Another way for code generation is to use maven. Below is the pom.xml file that can be used to generate Java code for all schemas under src/main/avro directory relative to our project, and the output directory will be target/generated-sources/avro/ directory relative to our project.

<project xmlns="http://maven.apache.org/POM/4.0.0" xmlns:xsi="http://www.w3.org/2001/XMLSchema-instance"

    xsi:schemaLocation="http://maven.apache.org/POM/4.0.0 http://maven.apache.org/xsd/maven-4.0.0.xsd">

    <modelVersion>4.0.0</modelVersion>

 

    <groupId>avro</groupId>

    <artifactId>avroDemo</artifactId>

    <version>0.0.1-SNAPSHOT</version>

    <packaging>jar</packaging>

 

    <name>avroDemo</name>

    <url>http://maven.apache.org</url>

 

    <properties>

        <java.version>1.6</java.version>

        <maven.compiler.source>${java.version}</maven.compiler.source>

        <maven.compiler.target>${java.version}</maven.compiler.target>

 

        <project.build.sourceEncoding>UTF-8</project.build.sourceEncoding>

    </properties>

 

    <build>

        <plugins>

            <plugin>

                <groupId>org.apache.avro</groupId>

                <artifactId>avro-maven-plugin</artifactId>

                <version>1.7.1</version>

                <configuration>

                </configuration>

                <executions>

                    <execution>

                        <phase>generate-sources</phase>

                        <goals>

                            <goal>schema</goal>

                        </goals>

                        <configuration>

                            <sourceDirectory>src/main/avro</sourceDirectory>

                            <outputDirectory>target/generated-sources/avro/</outputDirectory>

                        </configuration>

                    </execution>

                </executions>

            </plugin>

        </plugins>

    </build>

 

 

    <dependencies>

        <dependency>

            <groupId>org.apache.avro</groupId>

            <artifactId>avro</artifactId>

            <version>1.7.1</version>

        </dependency>

        <dependency>

            <groupId>org.apache.avro</groupId>

            <artifactId>avro-tools</artifactId>

            <version>1.7.1</version>

        </dependency>

    </dependencies>

</project>

With this pom.xml file, we can type “mvn compile” command to generate the Java code for the schema at src/main/avro folder.

2. Use the Generated Code
We can use the generated code to serialize data and store into a file. Below is the sample code.

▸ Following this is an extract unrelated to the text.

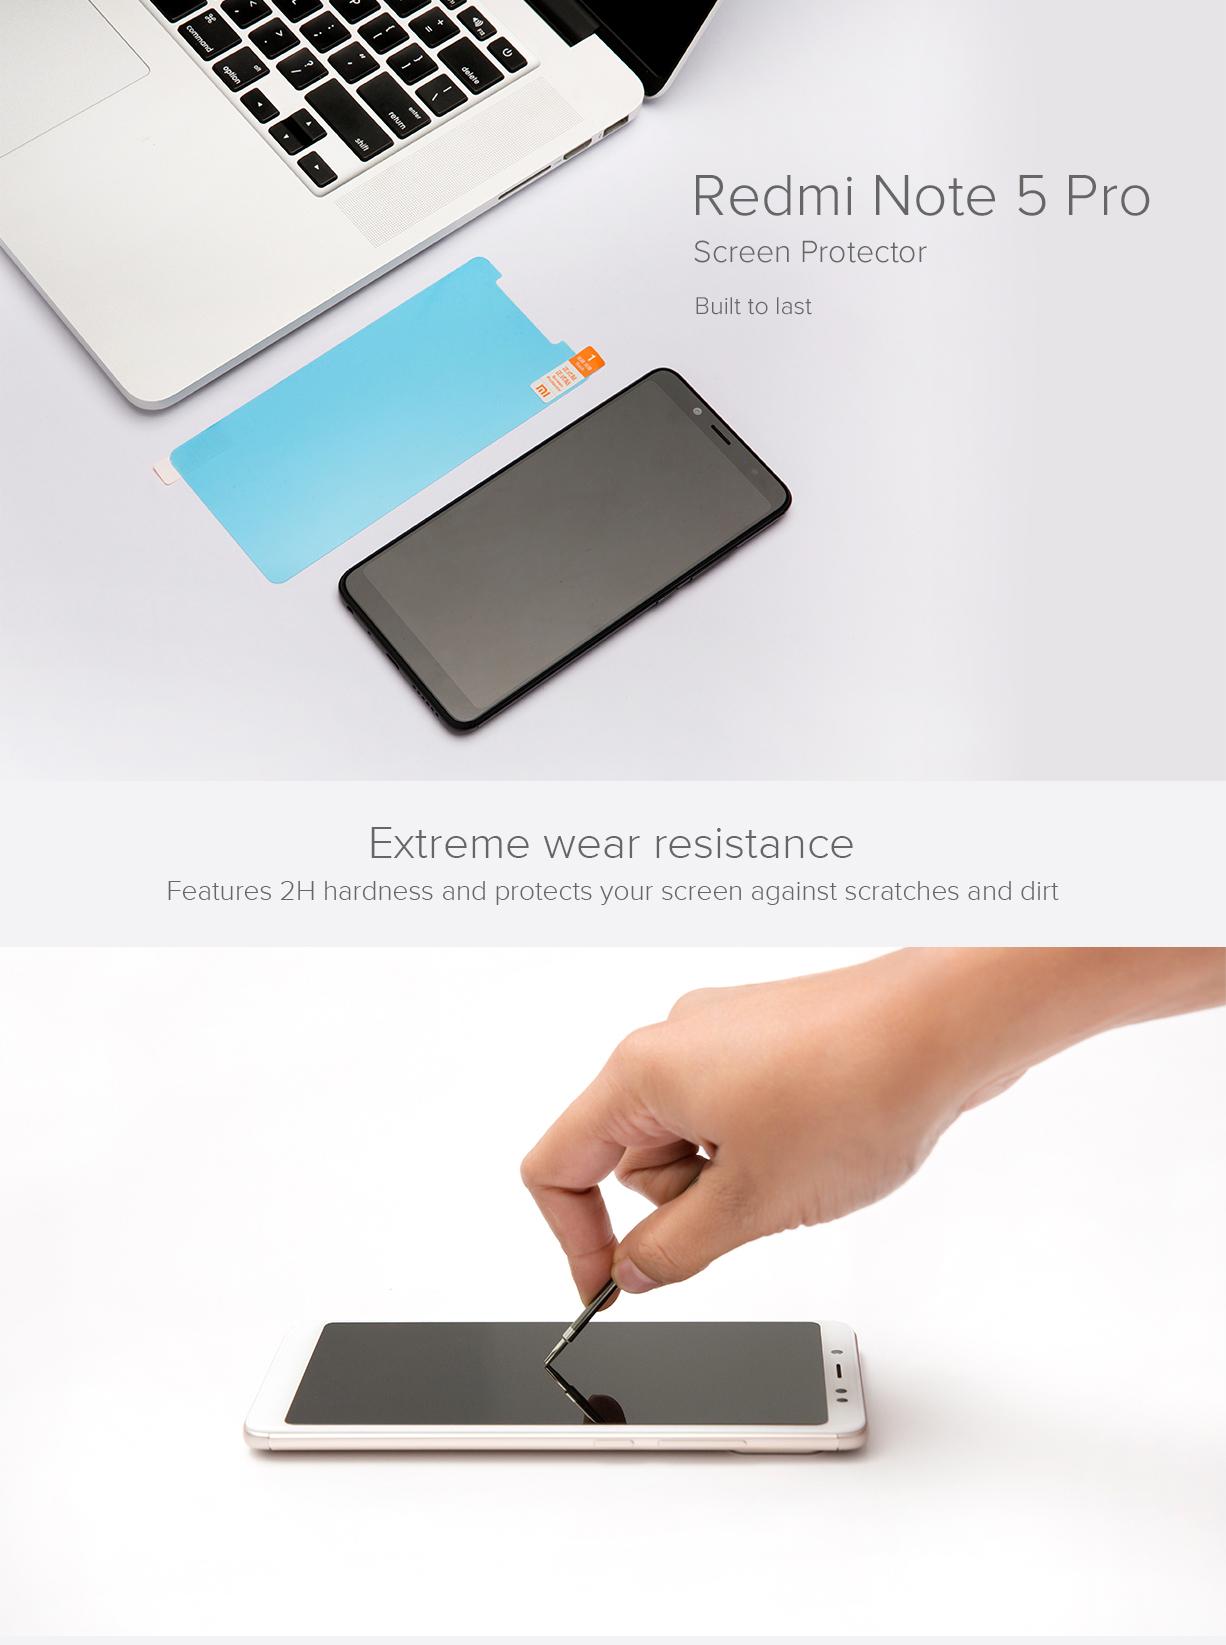 Redmi Note 5 Pro Screen Protector - Cases & Protectors

private static void writeData() throws IOException {

    FileOutputStream out = new FileOutputStream(FNAME);

    BinaryEncoder encoder = EncoderFactory.get().binaryEncoder(out, null);

    SpecificDatumWriter<DemoRecord> writer = 

            new SpecificDatumWriter<DemoRecord>(DemoRecord.class);

     

    DemoRecord record1 = new DemoRecord();

    record1.desp = new Utf8("record 1");

    record1.value = 1;

    record1.next = null;

     

    DemoRecord record2 = new DemoRecord();

    record2.desp = new Utf8("record 2");

    record2.value = 2;

    record2.next = record1;

     

    DemoRecord record3 = new DemoRecord();

    record3.desp = new Utf8("record 3");

    record3.value = 3;

    record3.next = record2;

     

    writer.write(record3, encoder);

    encoder.flush();

}

Note that there’s no need for us to write all three records into the file since record3 links back to record2, which subsequently links back to record1. Avro will track the linked records and serialize all the objects.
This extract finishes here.